# REQUIREMENT
Make an exact copy of the records, and keep the pictures out of it.

(EXERCISE DATA)

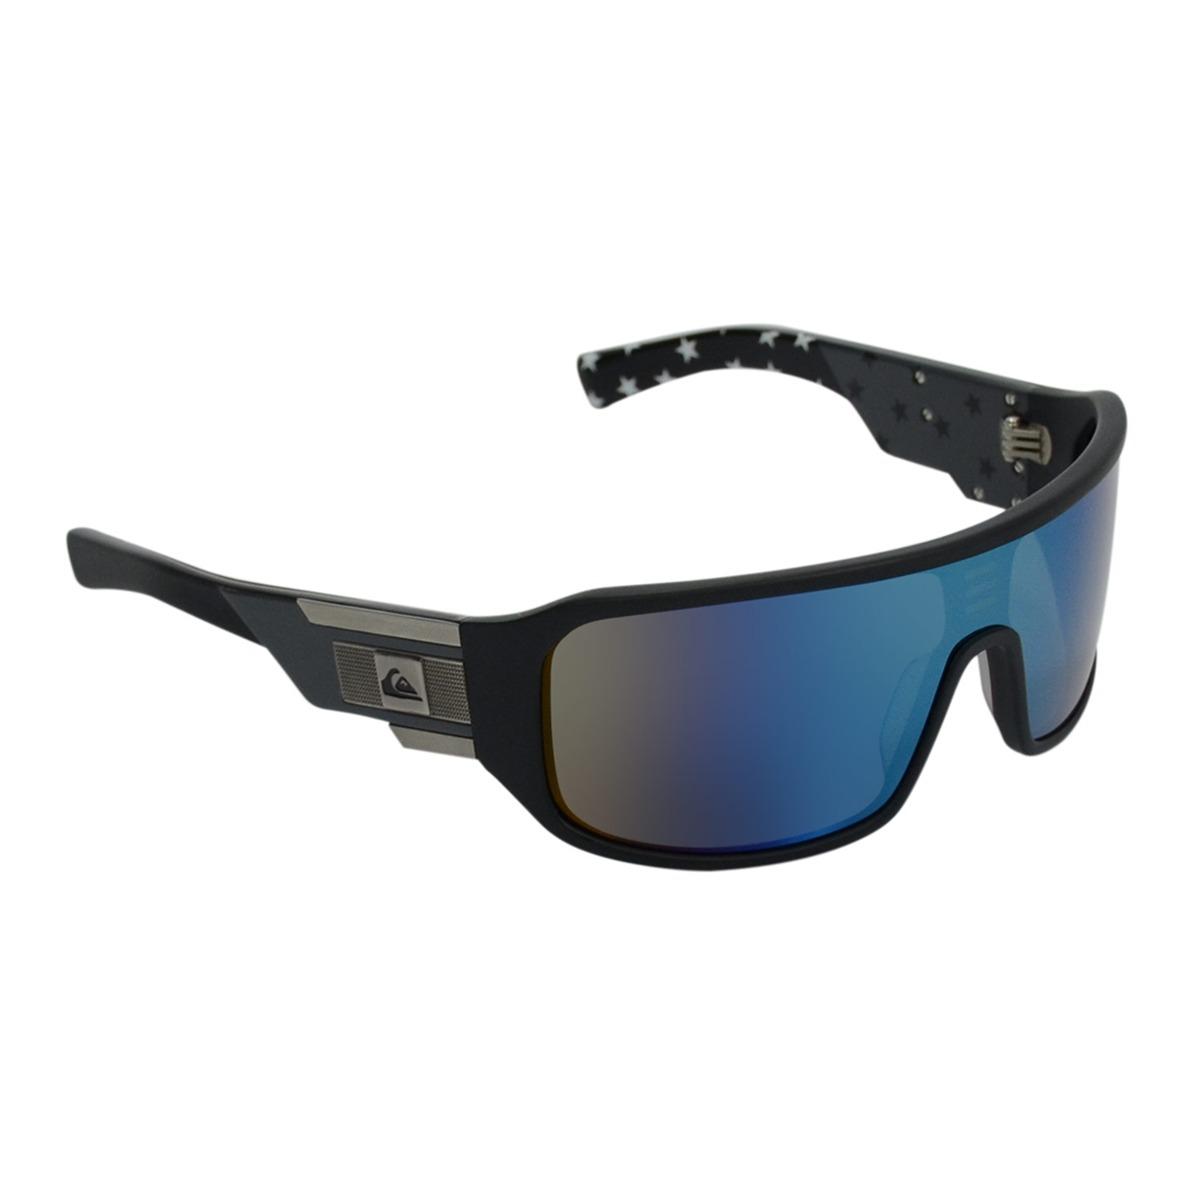 b4e1ada6ec0ae Óculos Masculino Quiksilver Racer Black Blue - R  249,00 em Mercado ...
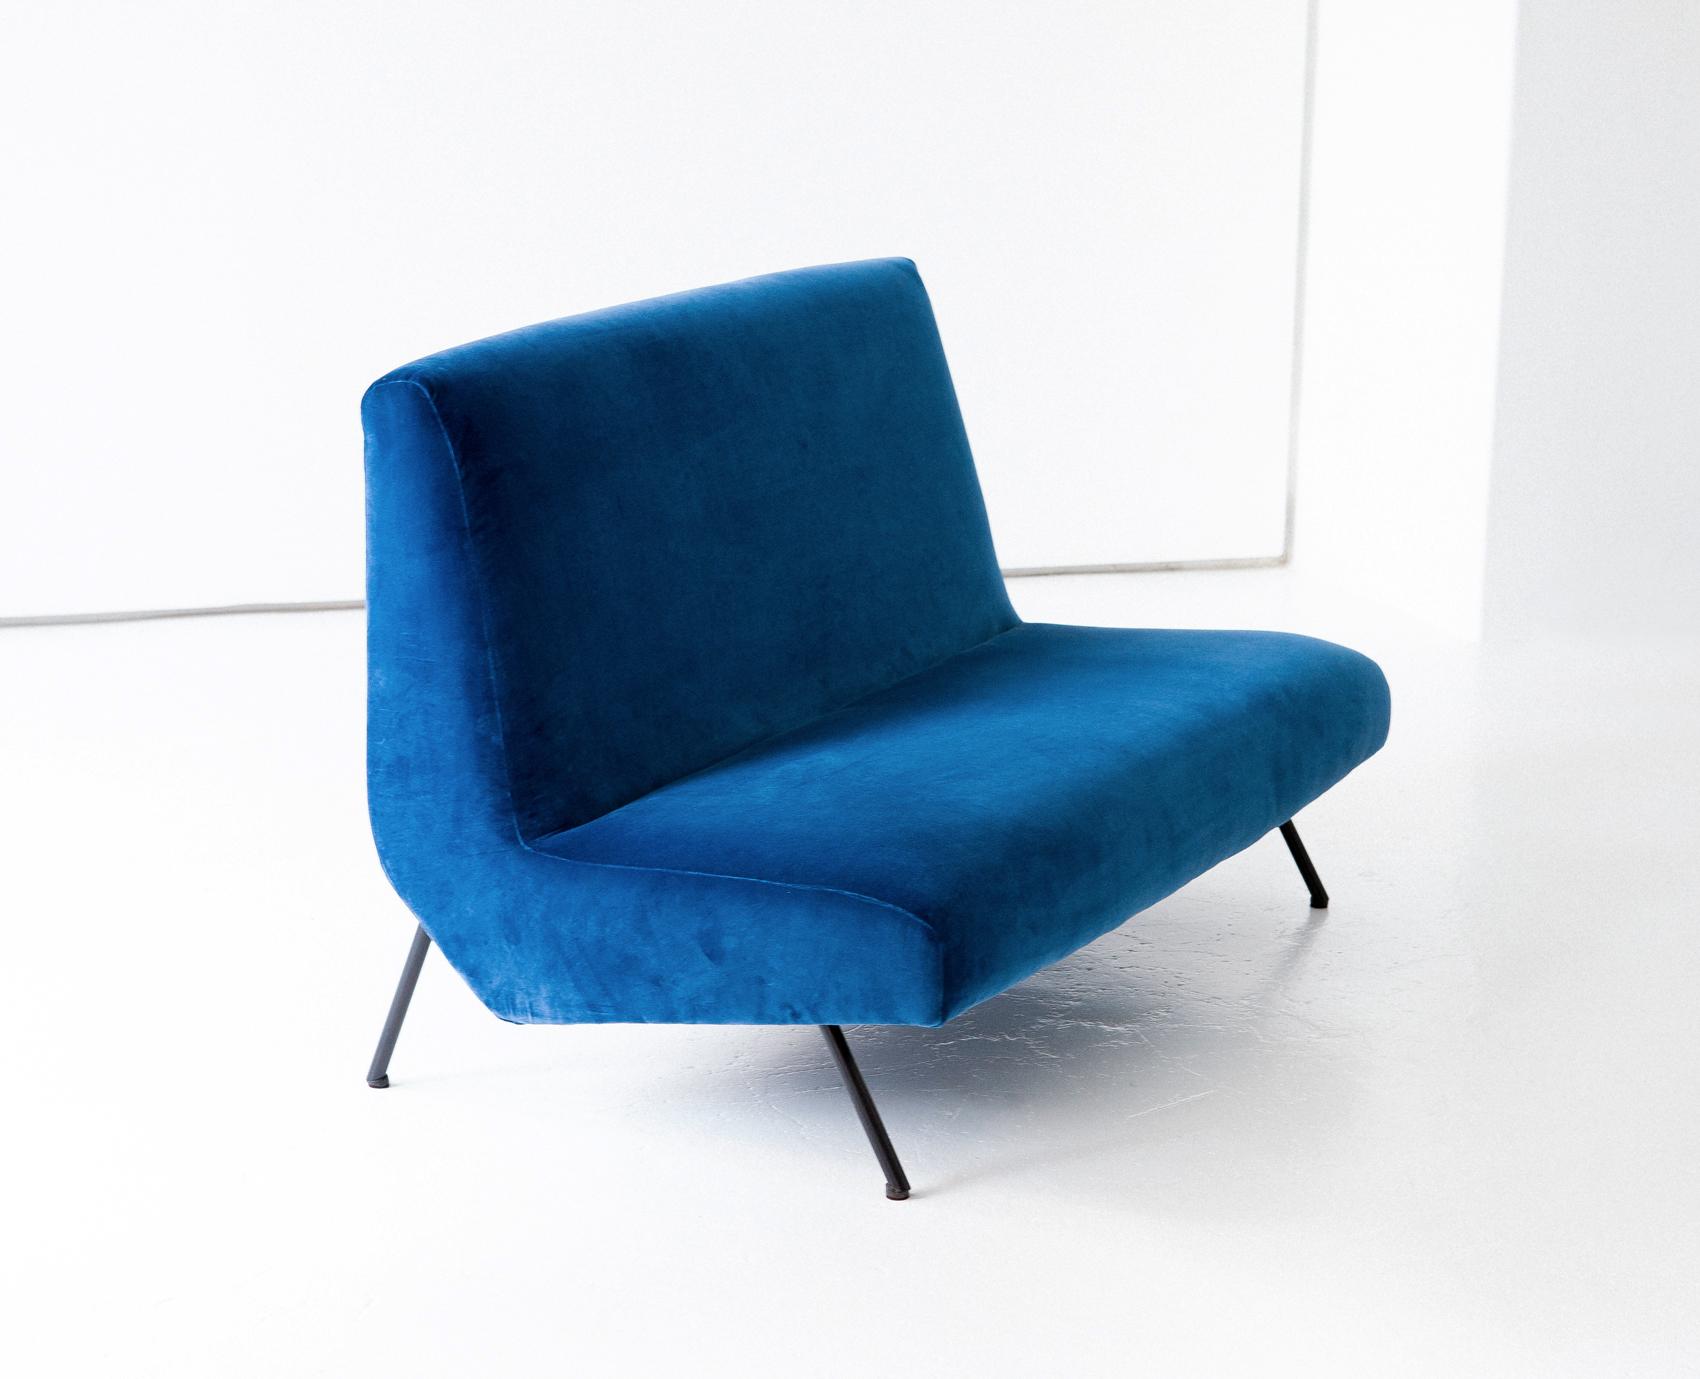 1950s-italian-blue-velvet-ultra-modern-sofa-3
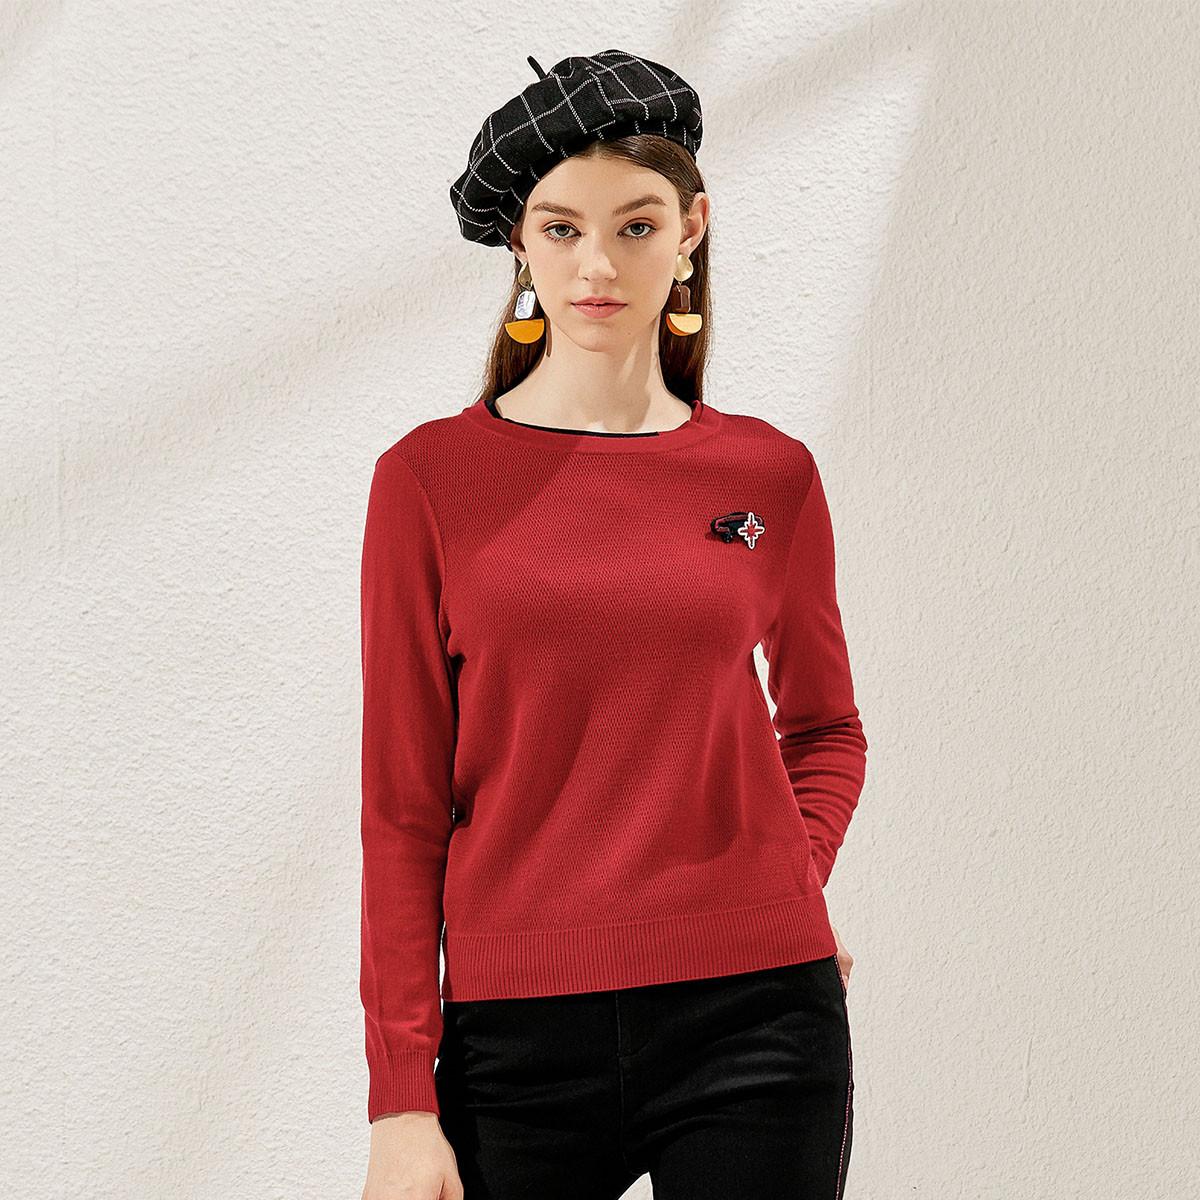 珂莱蒂尔2019秋冬装新款纯色圆领长袖百搭弹力时尚女人味女式针织衫T恤K1AGH207709
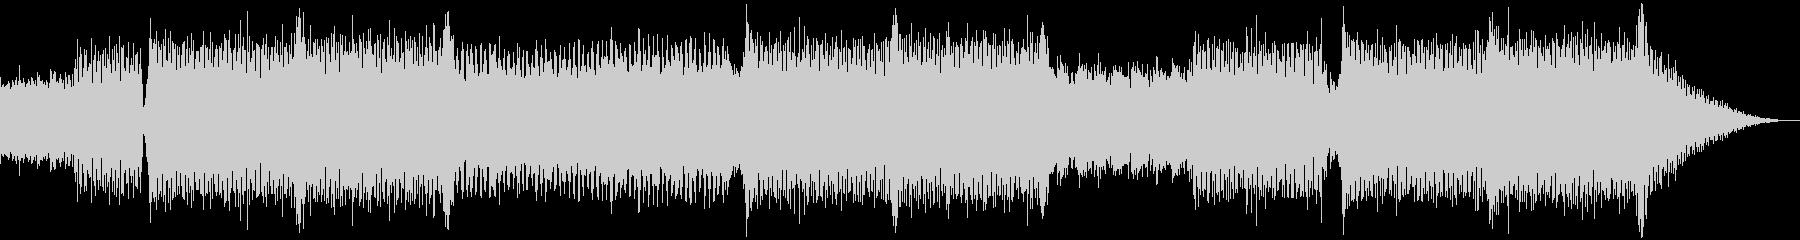 明るい応援ソング(エレクトロニック)の未再生の波形
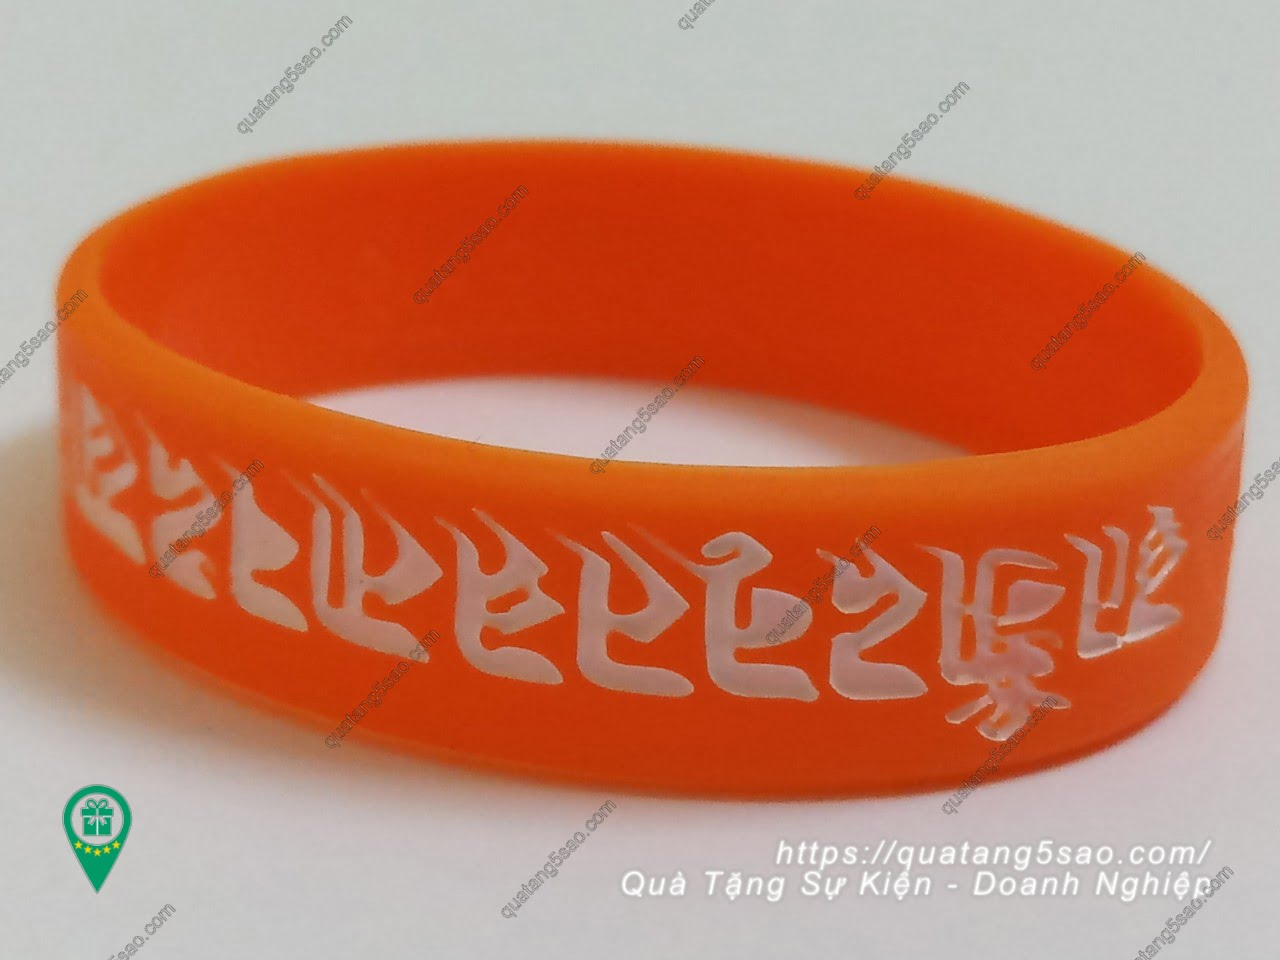 Vòng tay cao su Phật tử in các câu thần chú tiếng Phạn theo yêu cầu
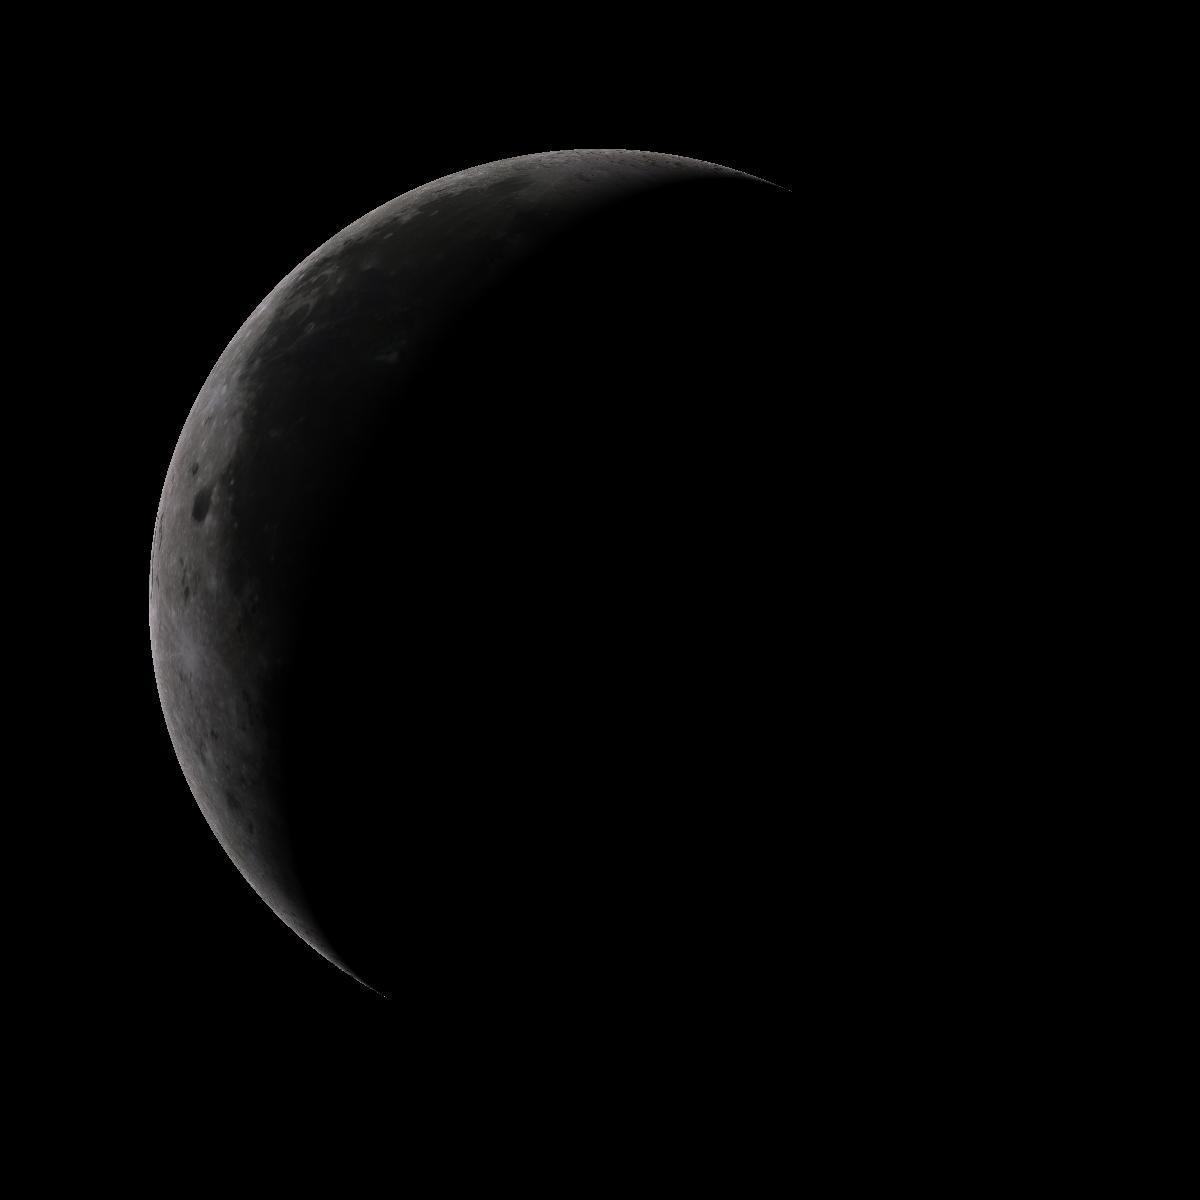 Lune du 30 mai 2019

(End EXERCISE DATA)

# RESPONSE
 b4e1ada6ec0ae Óculos Masculino Quiksilver Racer Black Blue - R  249,00 em Mercado ...
 1950s-italian-blue-velvet-ultra-modern-sofa-3
 珂莱蒂尔2019秋冬装新款纯色圆领长袖百搭弹力时尚女人味女式针织衫T恤K1AGH207709
 明るい応援ソング(エレクトロニック)の未再生の波形
 Vòng tay cao su Phật tử in các câu thần chú tiếng Phạn theo yêu cầu
 Lune du 30 mai 2019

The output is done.